WHAT IS BEING ASKED ▸ Here is the task for the listing below: output exactly the lines from the one containing "2021 Dumpster Fire Ornament" through the one containing "Las personas ahora", and leave out the pictures.

AVAILABLE DATA ▸
..........

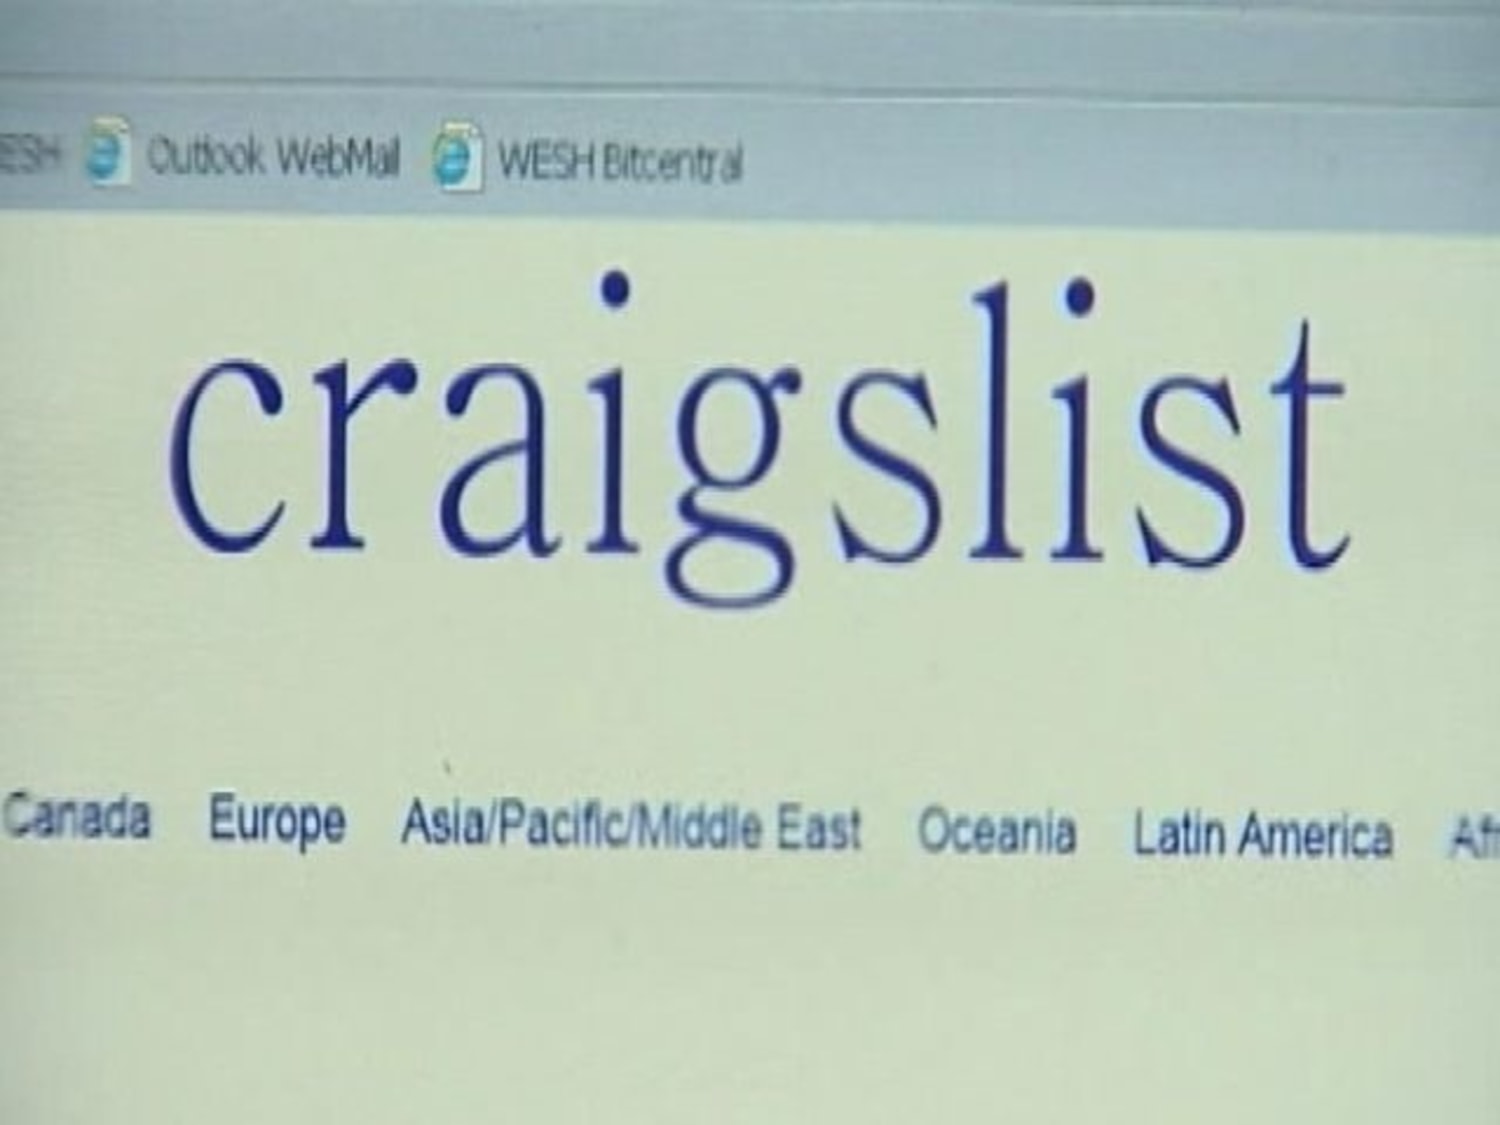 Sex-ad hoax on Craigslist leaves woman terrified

..........

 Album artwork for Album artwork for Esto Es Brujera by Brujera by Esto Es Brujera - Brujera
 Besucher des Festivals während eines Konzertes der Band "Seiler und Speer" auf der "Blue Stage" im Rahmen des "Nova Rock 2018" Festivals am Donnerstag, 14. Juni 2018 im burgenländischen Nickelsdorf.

..........

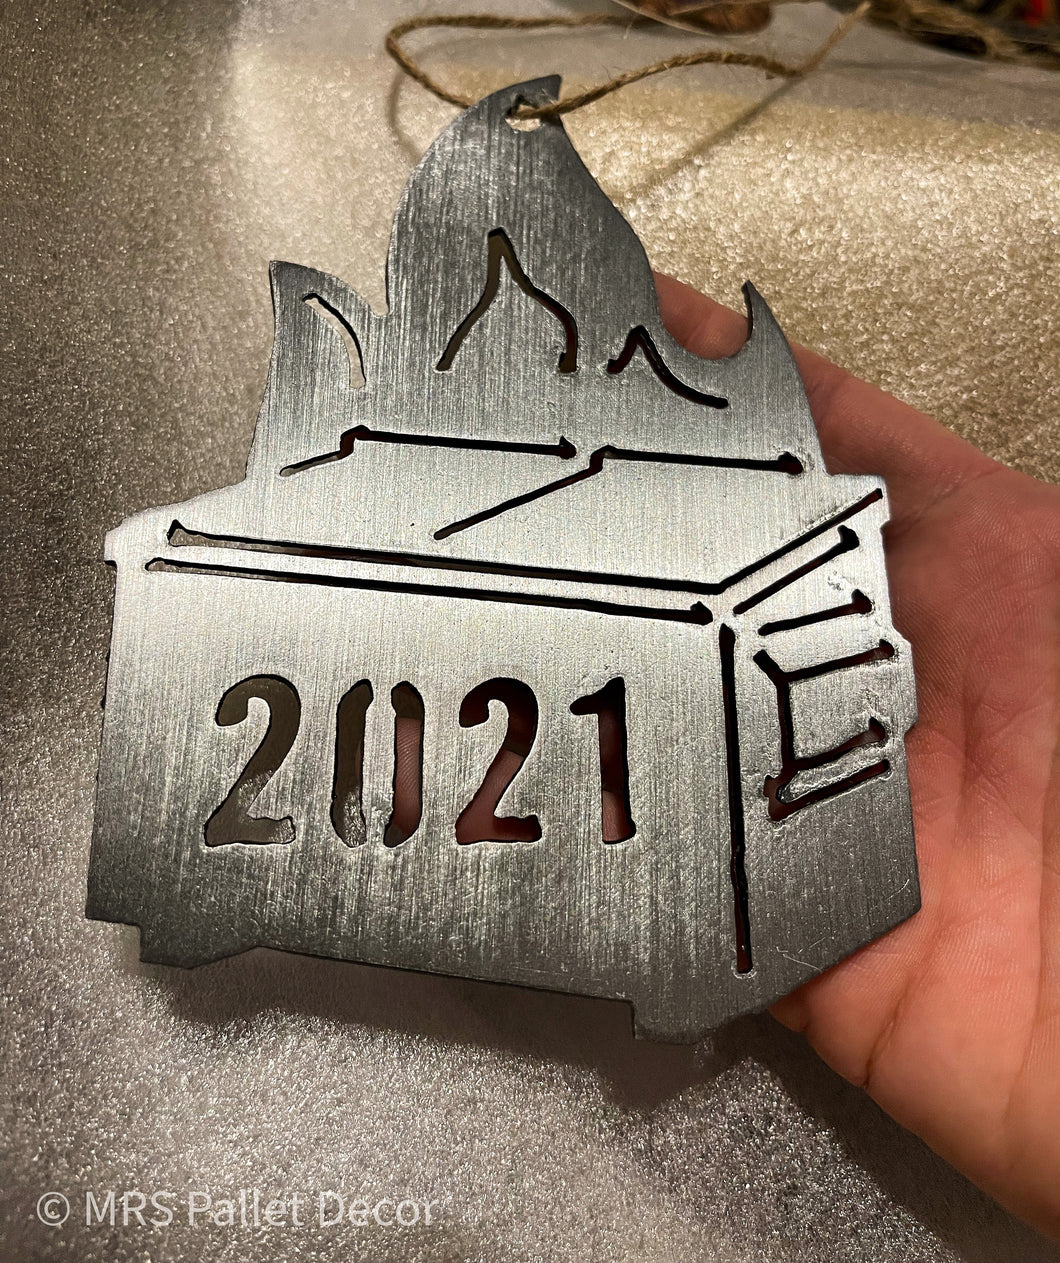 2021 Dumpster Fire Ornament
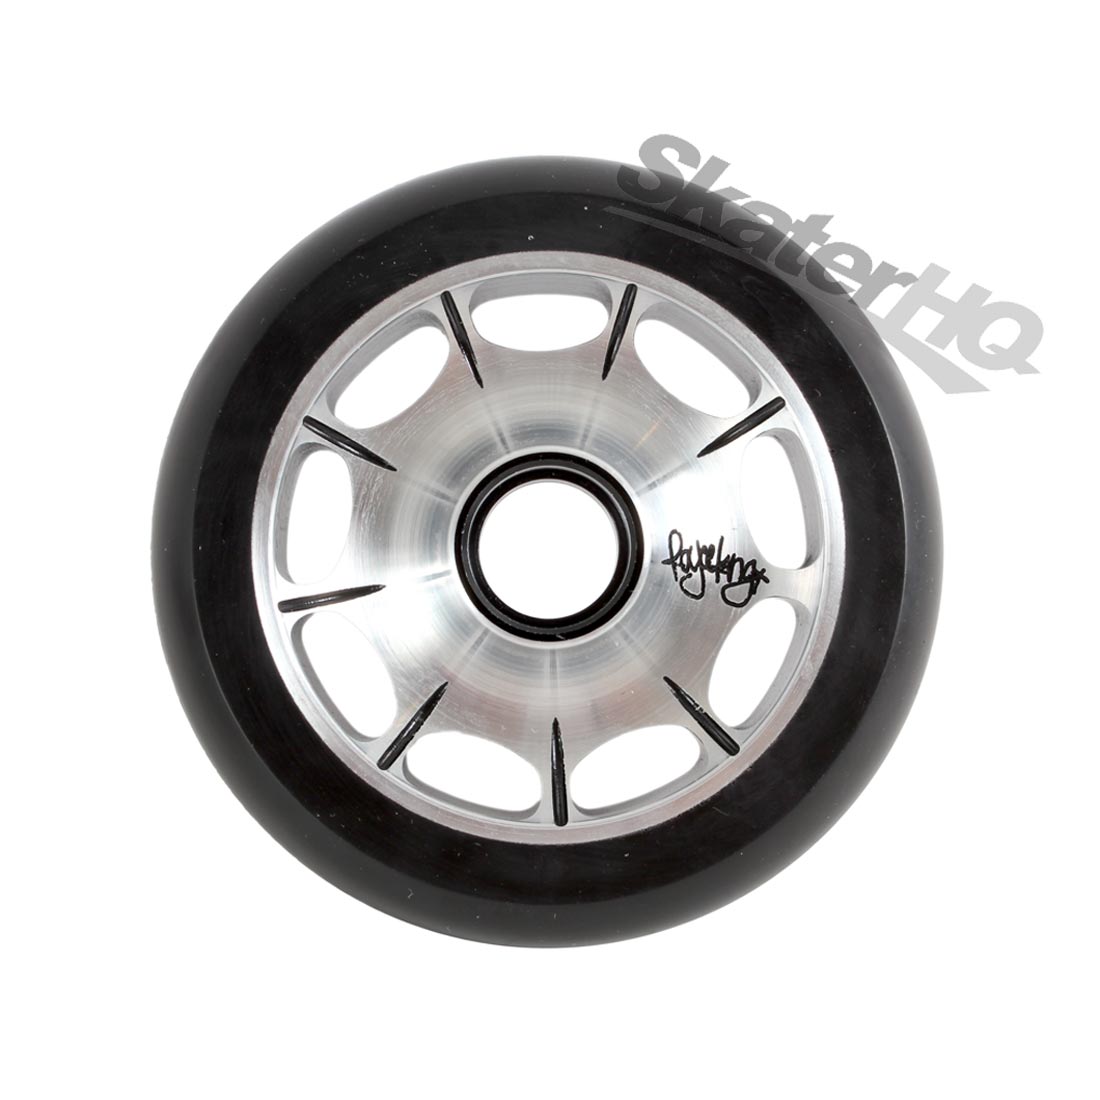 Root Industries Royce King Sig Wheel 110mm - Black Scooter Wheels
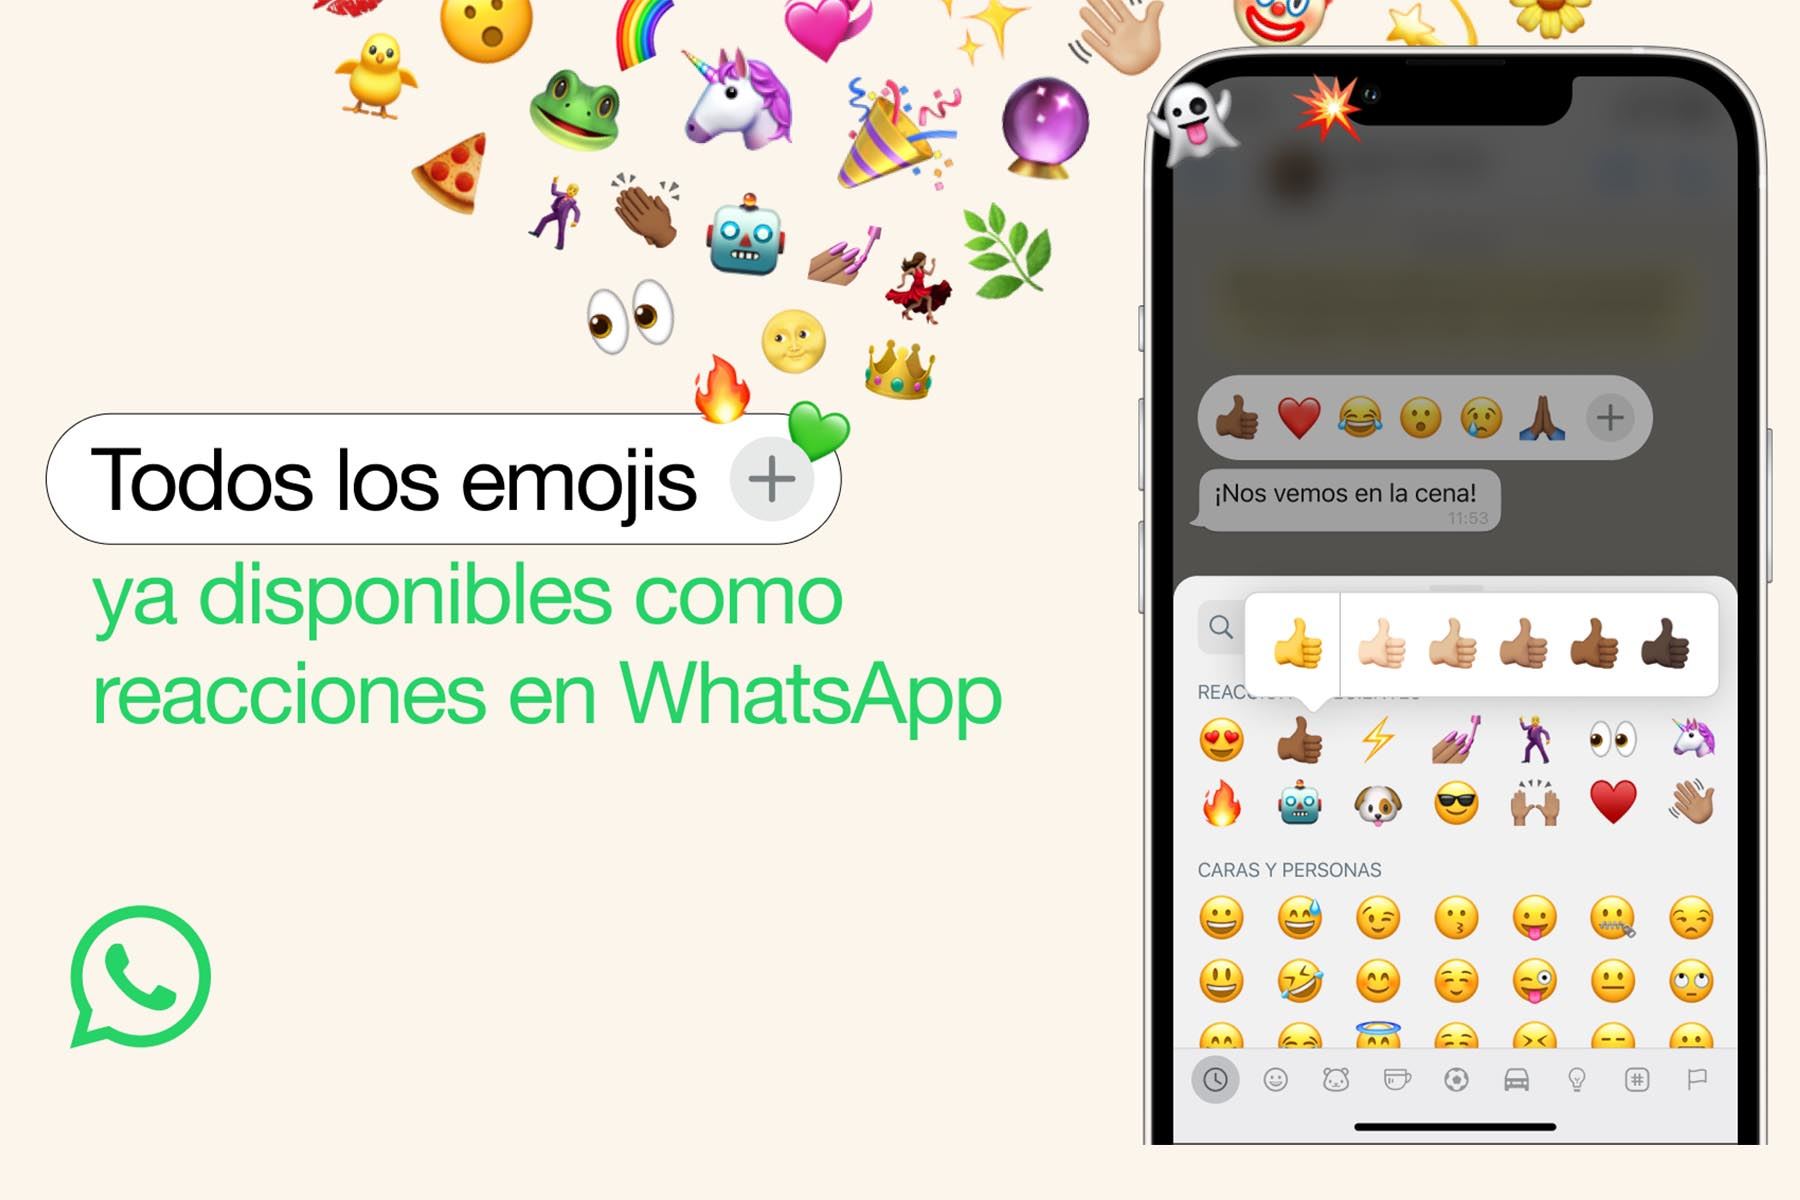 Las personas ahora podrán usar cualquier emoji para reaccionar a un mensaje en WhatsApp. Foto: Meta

..........

RESULT BELOW ▸
 2021 Dumpster Fire Ornament
 Root Industries Royce King Sig Wheel 110mm - Black Scooter Wheels
 Las personas ahora podrán usar cualquier emoji para reaccionar a un mensaje en WhatsApp. Foto: Meta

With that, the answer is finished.